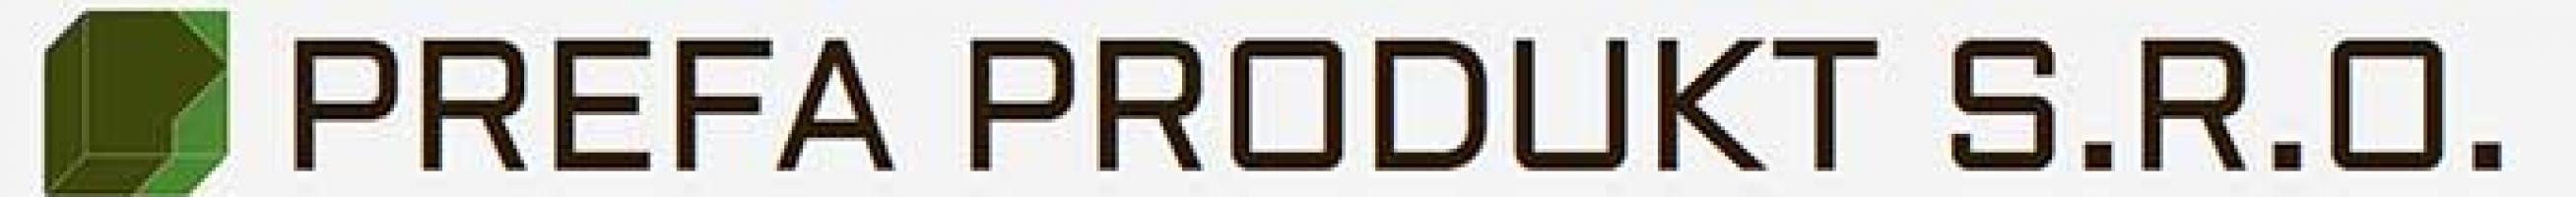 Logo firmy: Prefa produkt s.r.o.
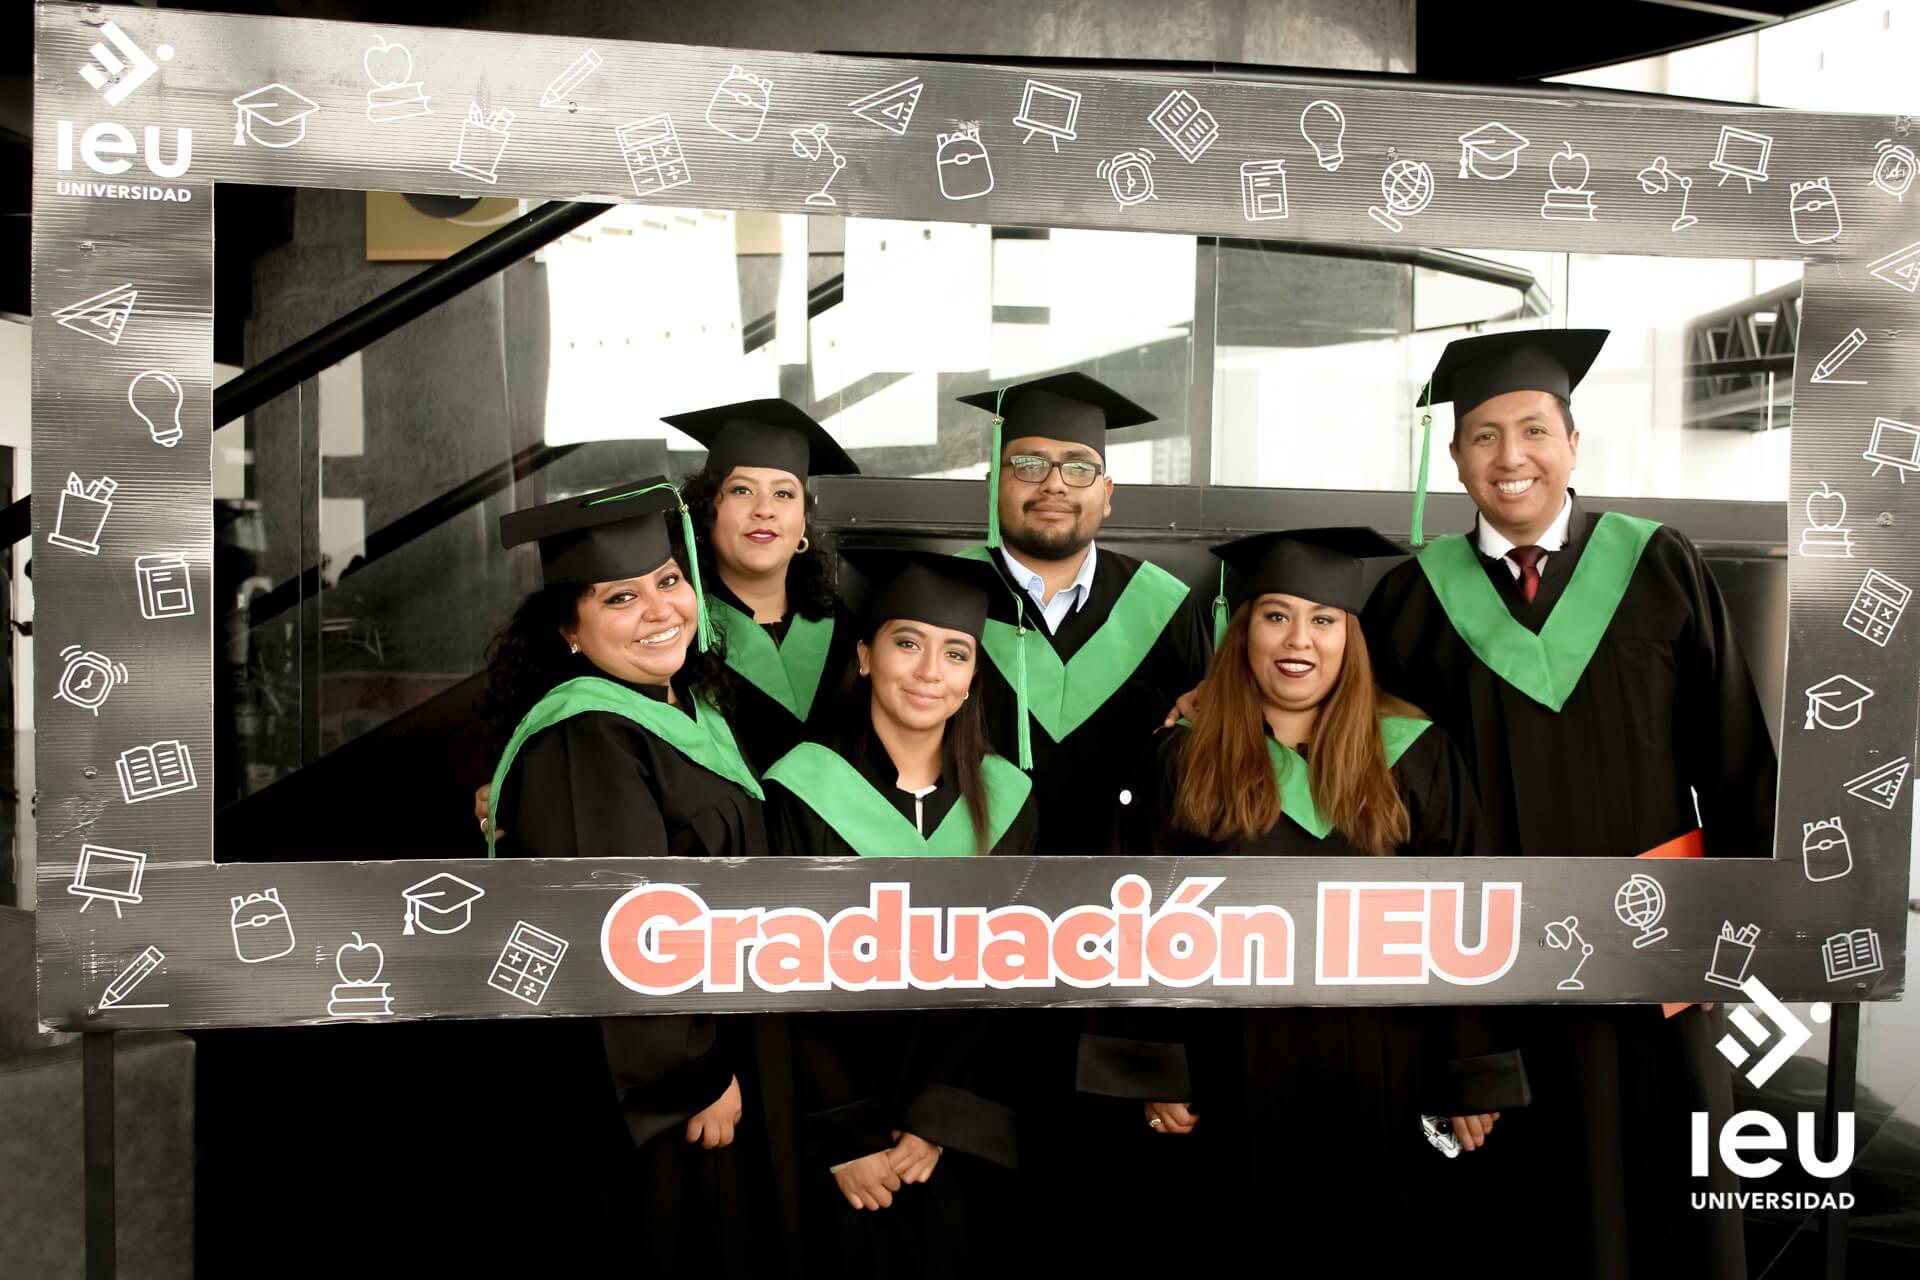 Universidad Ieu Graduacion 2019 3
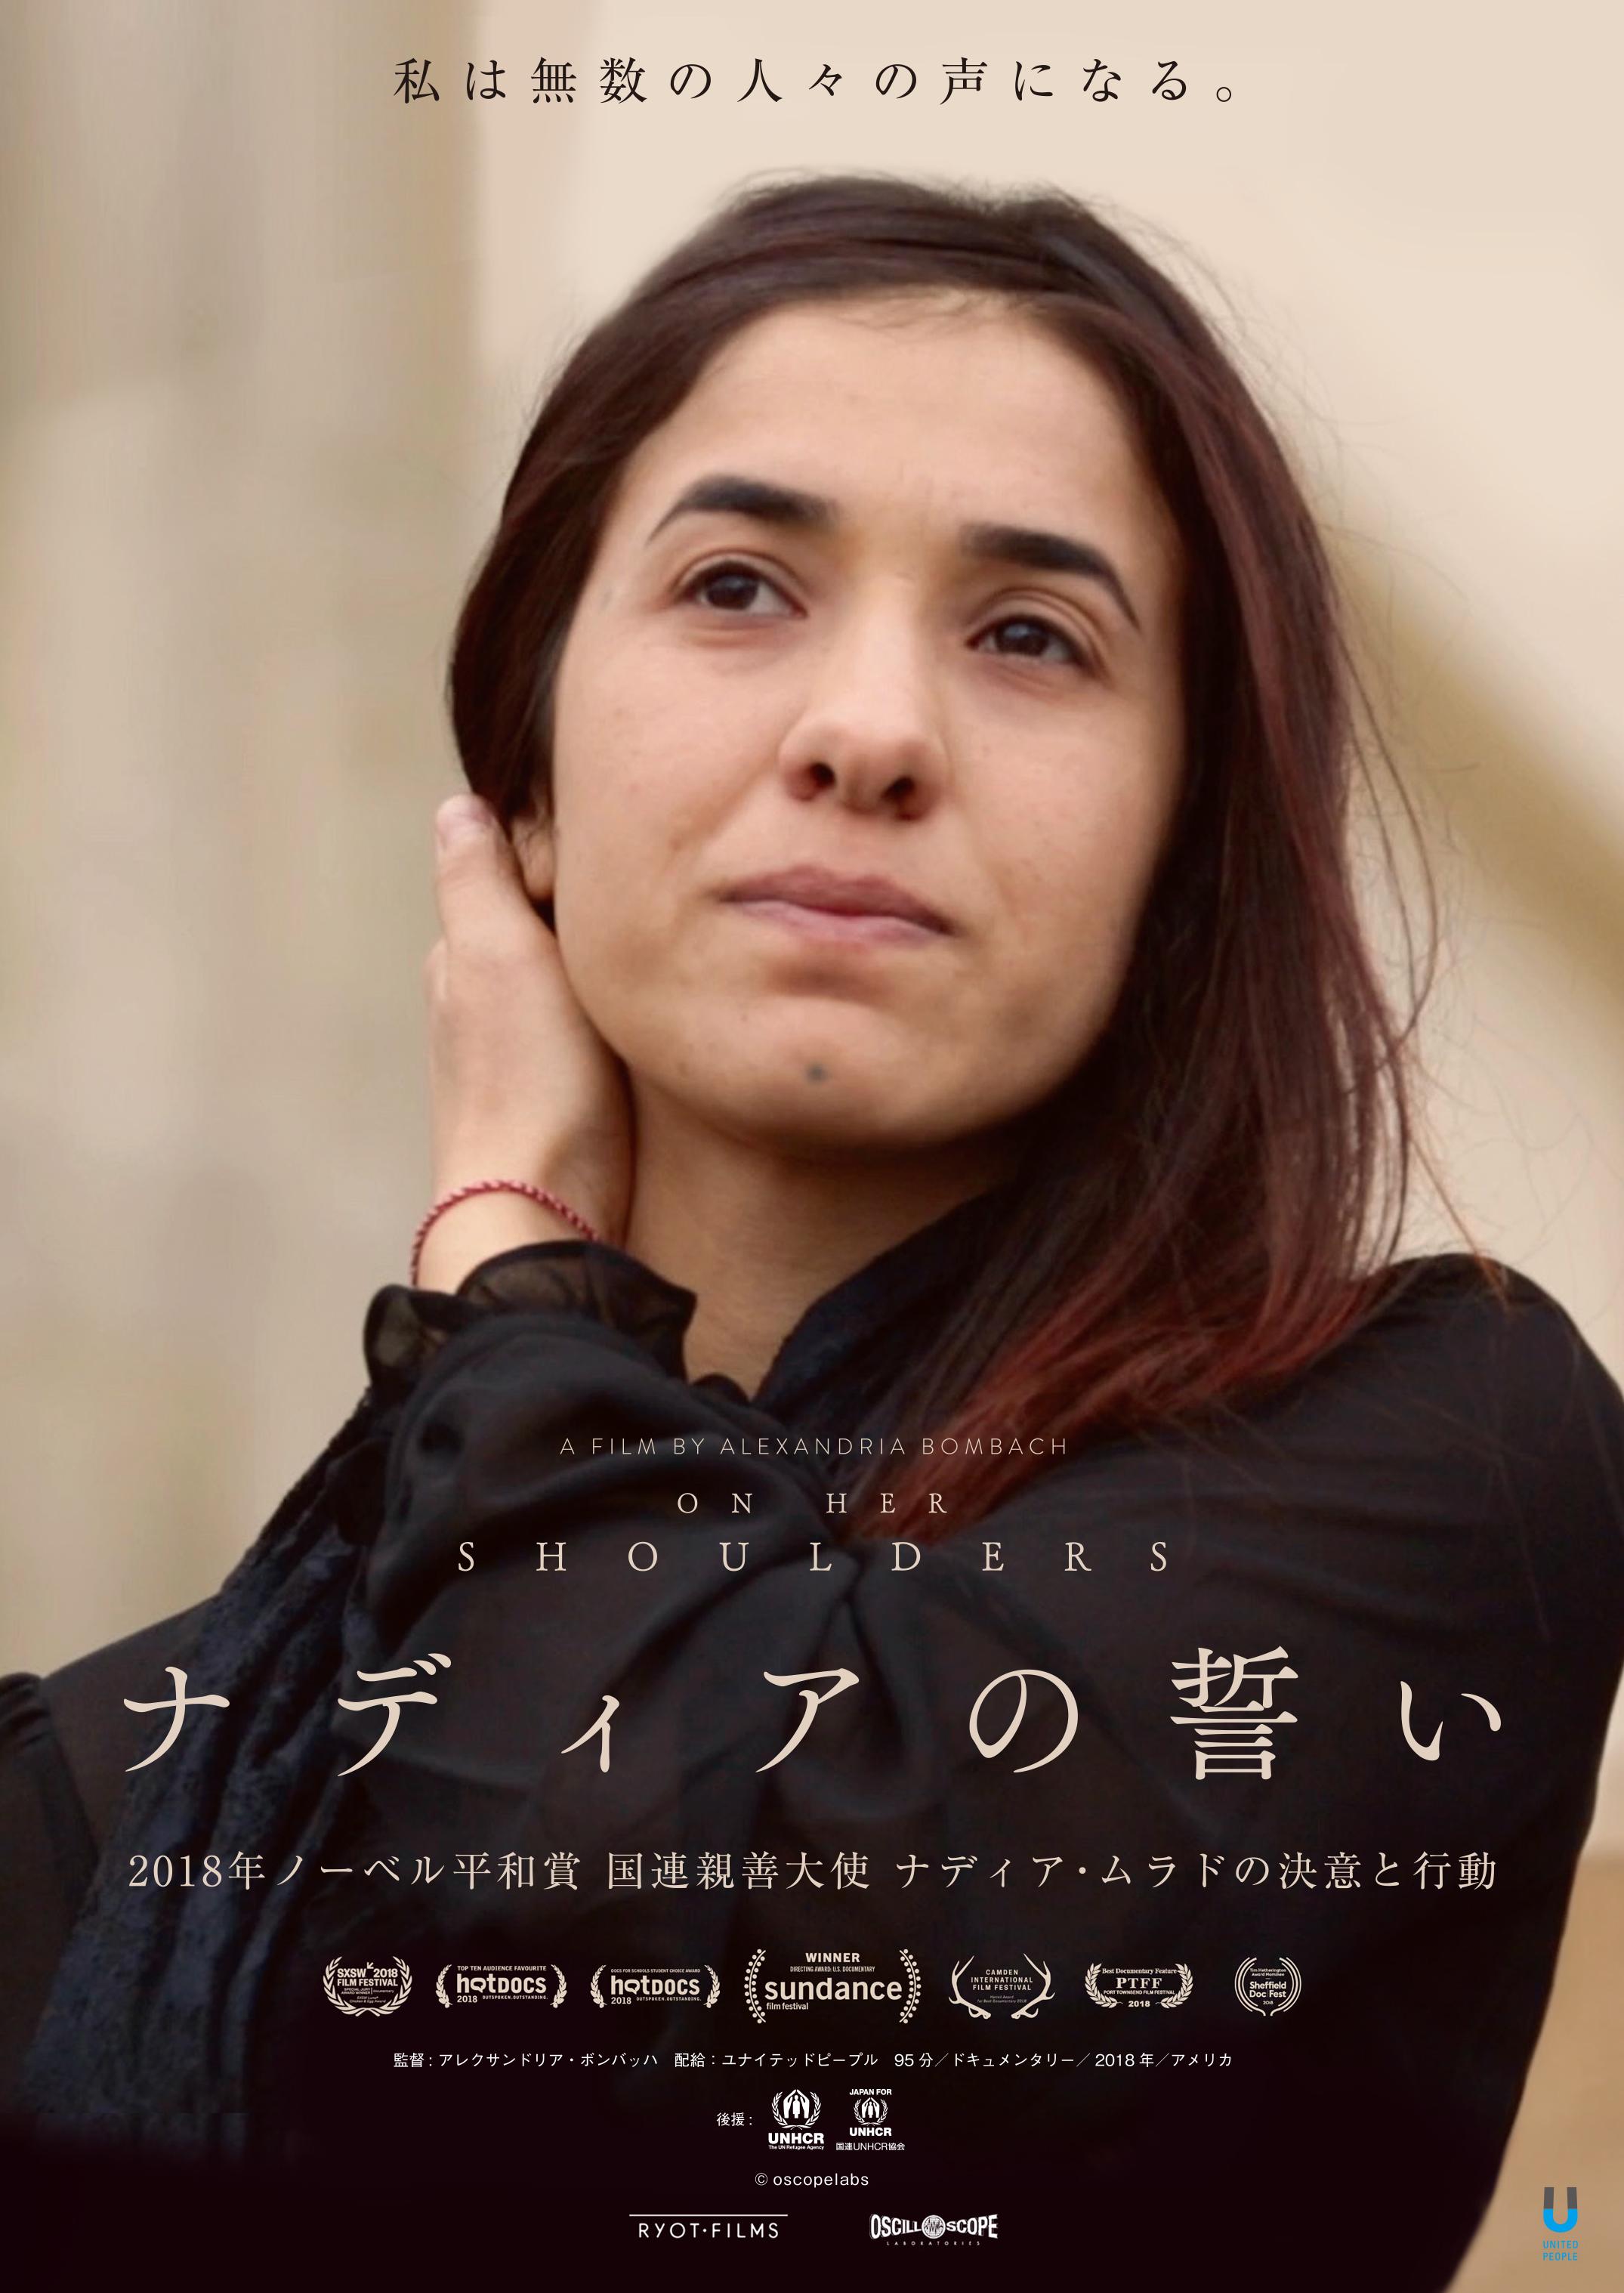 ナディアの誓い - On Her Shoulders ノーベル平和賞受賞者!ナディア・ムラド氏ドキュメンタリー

****************

Instructions for the task:
Write out the material above once more, exactly as it reads, with no pictures.

Response area:
 Logo firmy: Prefa produkt s.r.o.
 Universidad Ieu Graduacion 2019 3
 ナディアの誓い - On Her Shoulders ノーベル平和賞受賞者!ナディア・ムラド氏ドキュメンタリー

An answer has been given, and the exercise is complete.